▶ [What to work on] In your reply, repeat the full listing exactly and leave each picture out.

▶ [Supplied material]
+---+

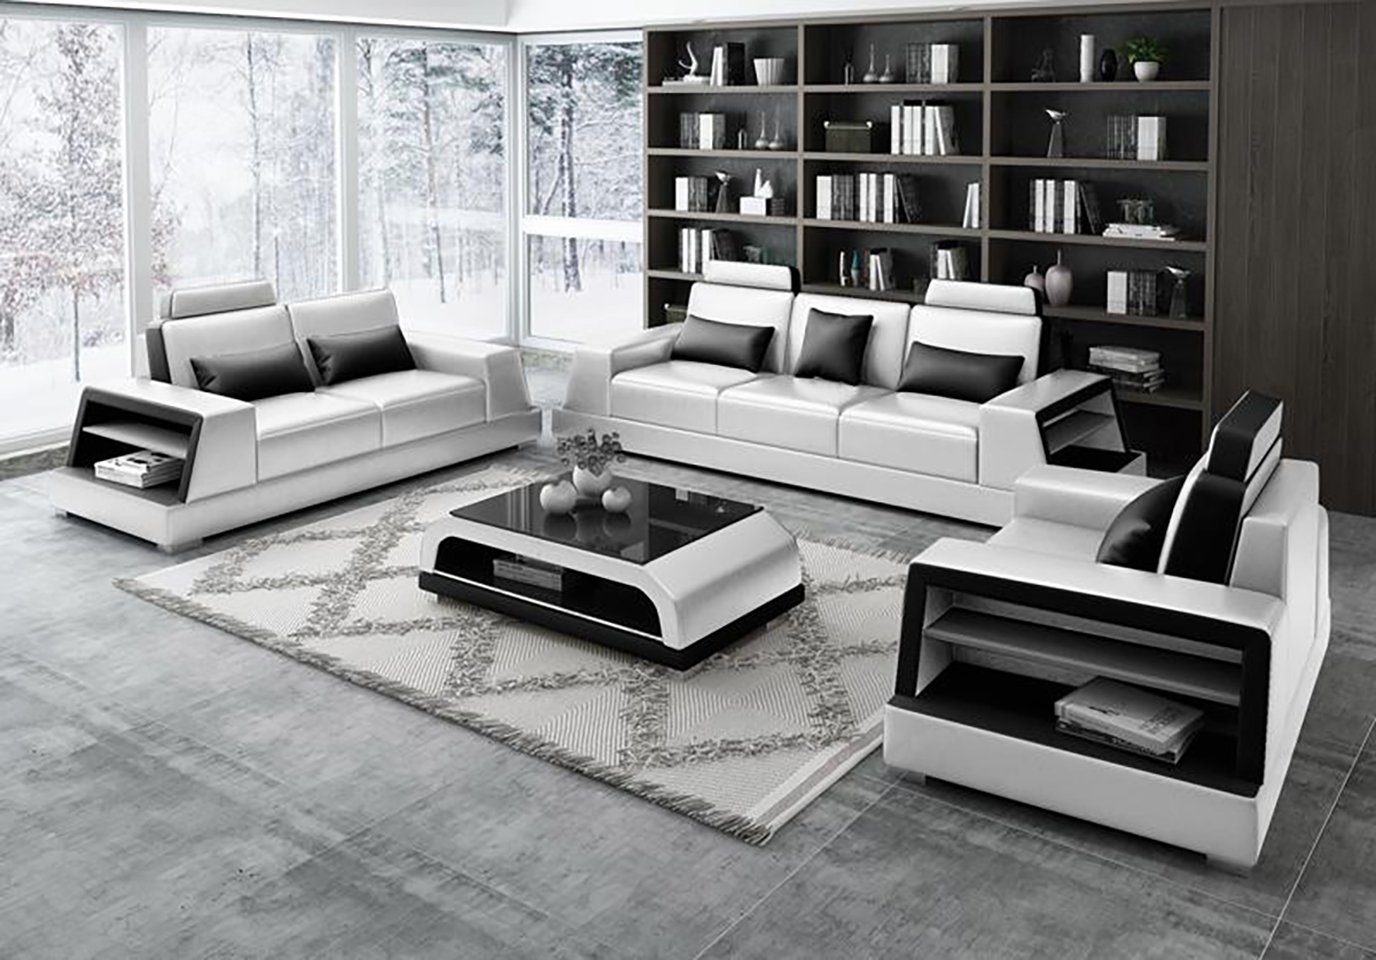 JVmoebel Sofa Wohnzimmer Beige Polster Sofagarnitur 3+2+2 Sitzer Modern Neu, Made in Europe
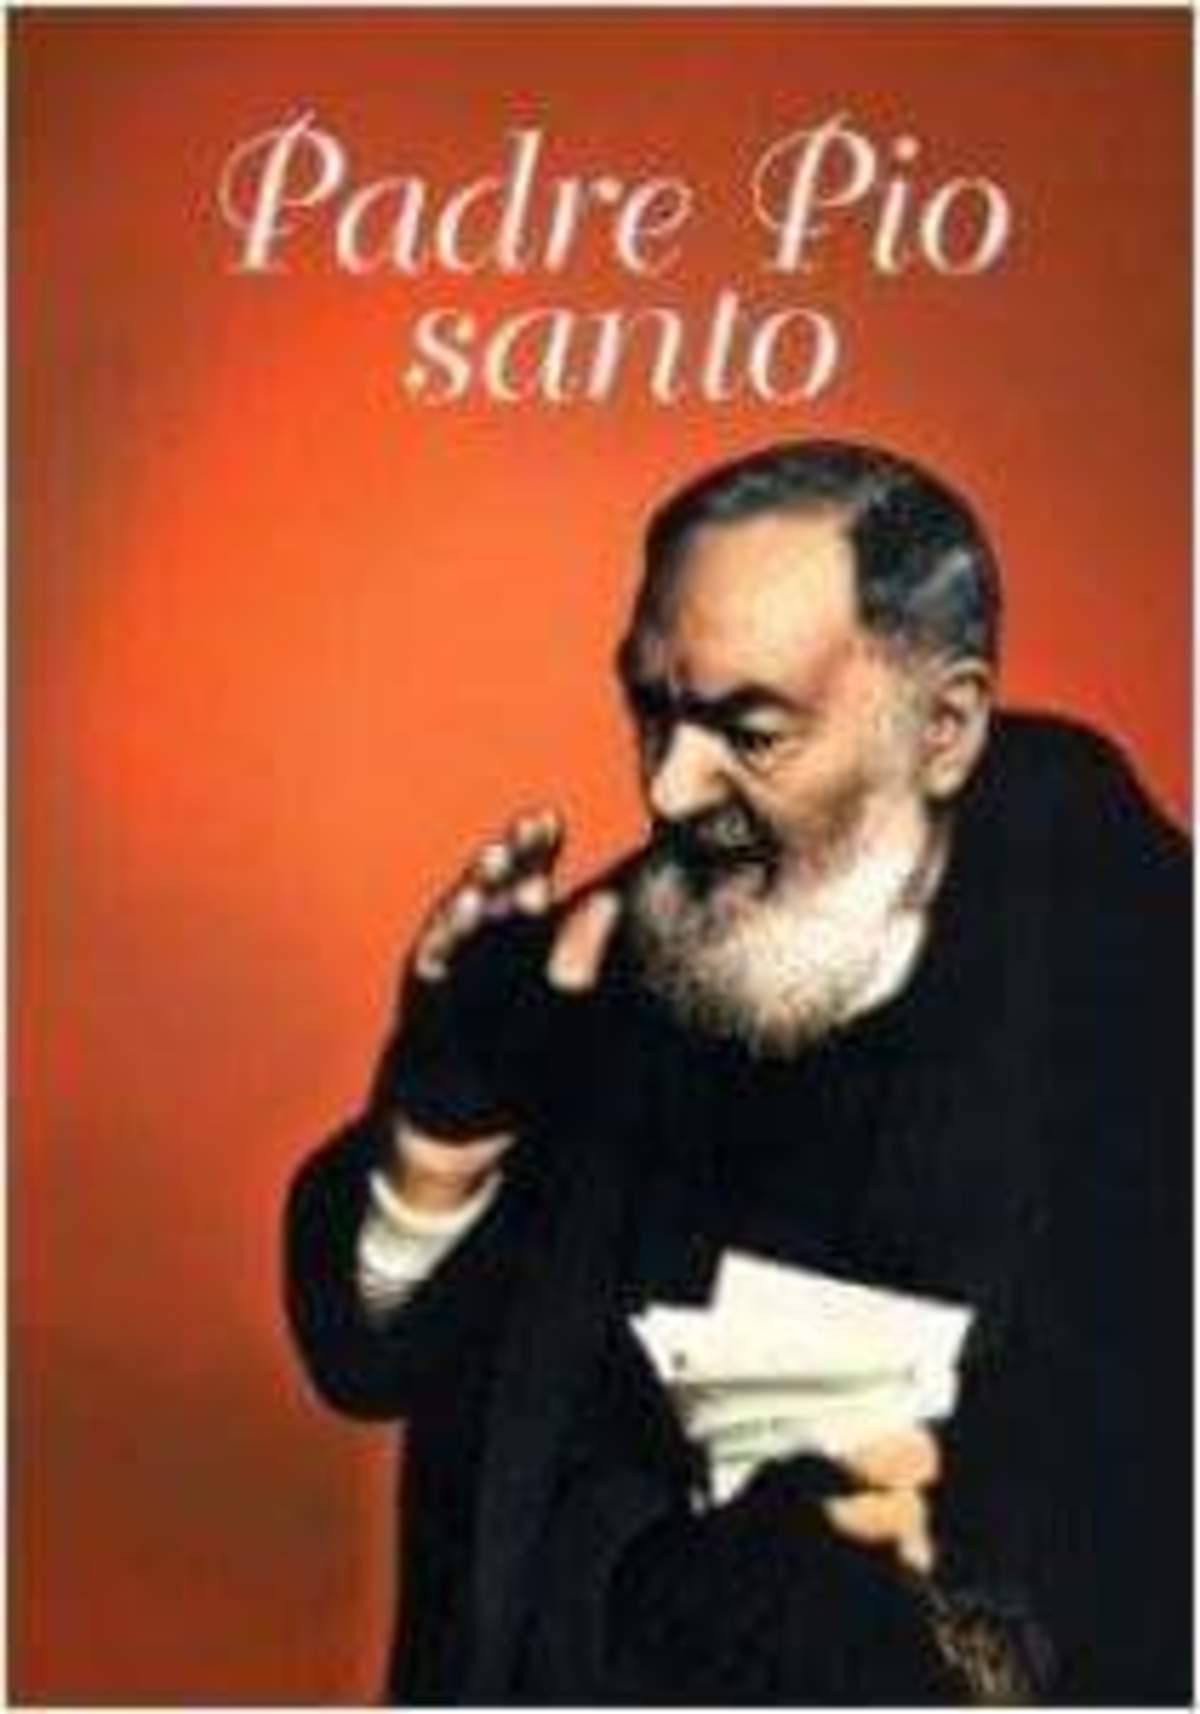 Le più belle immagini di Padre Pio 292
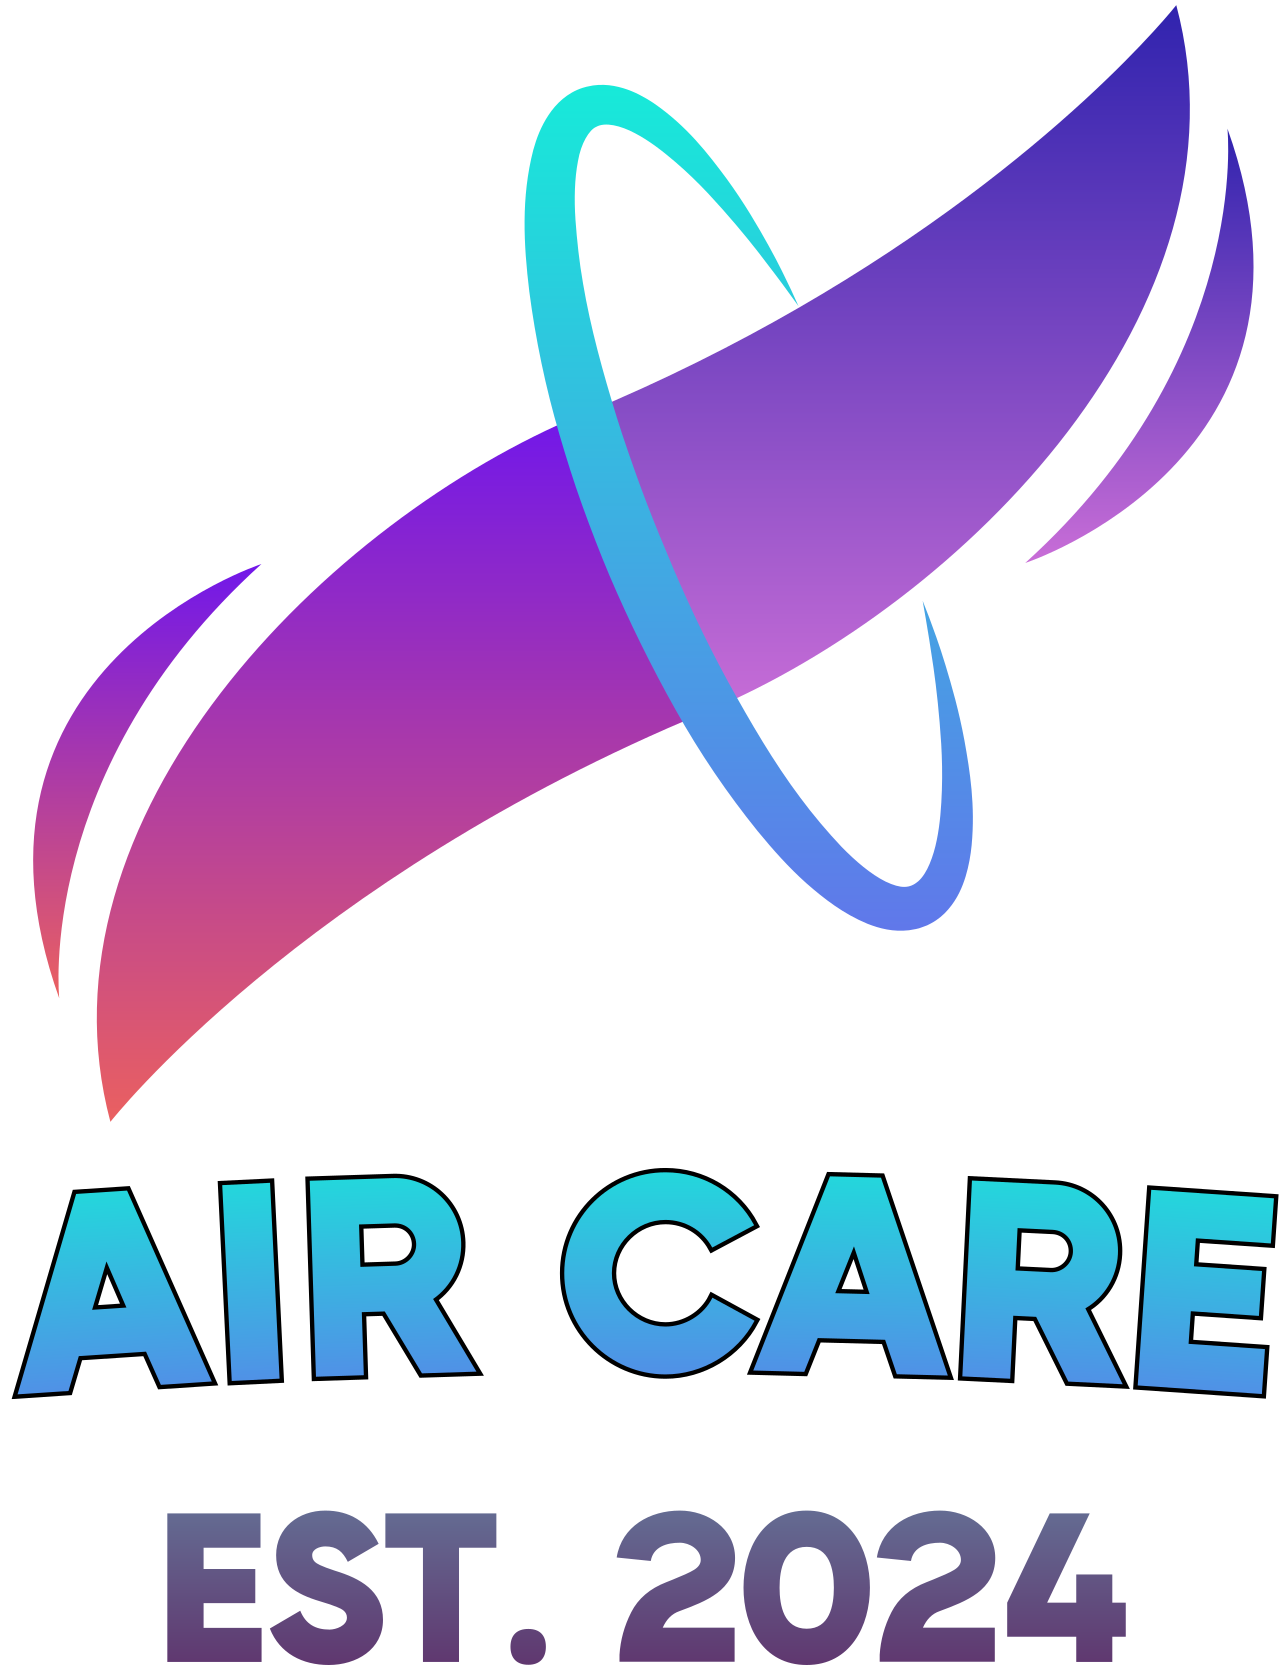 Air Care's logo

+---+

▶ [Result of this exercise]
 JVmoebel Sofa Wohnzimmer Beige Polster Sofagarnitur 3+2+2 Sitzer Modern Neu, Made in Europe
 Le più belle immagini di Padre Pio 292
 Air Care's logo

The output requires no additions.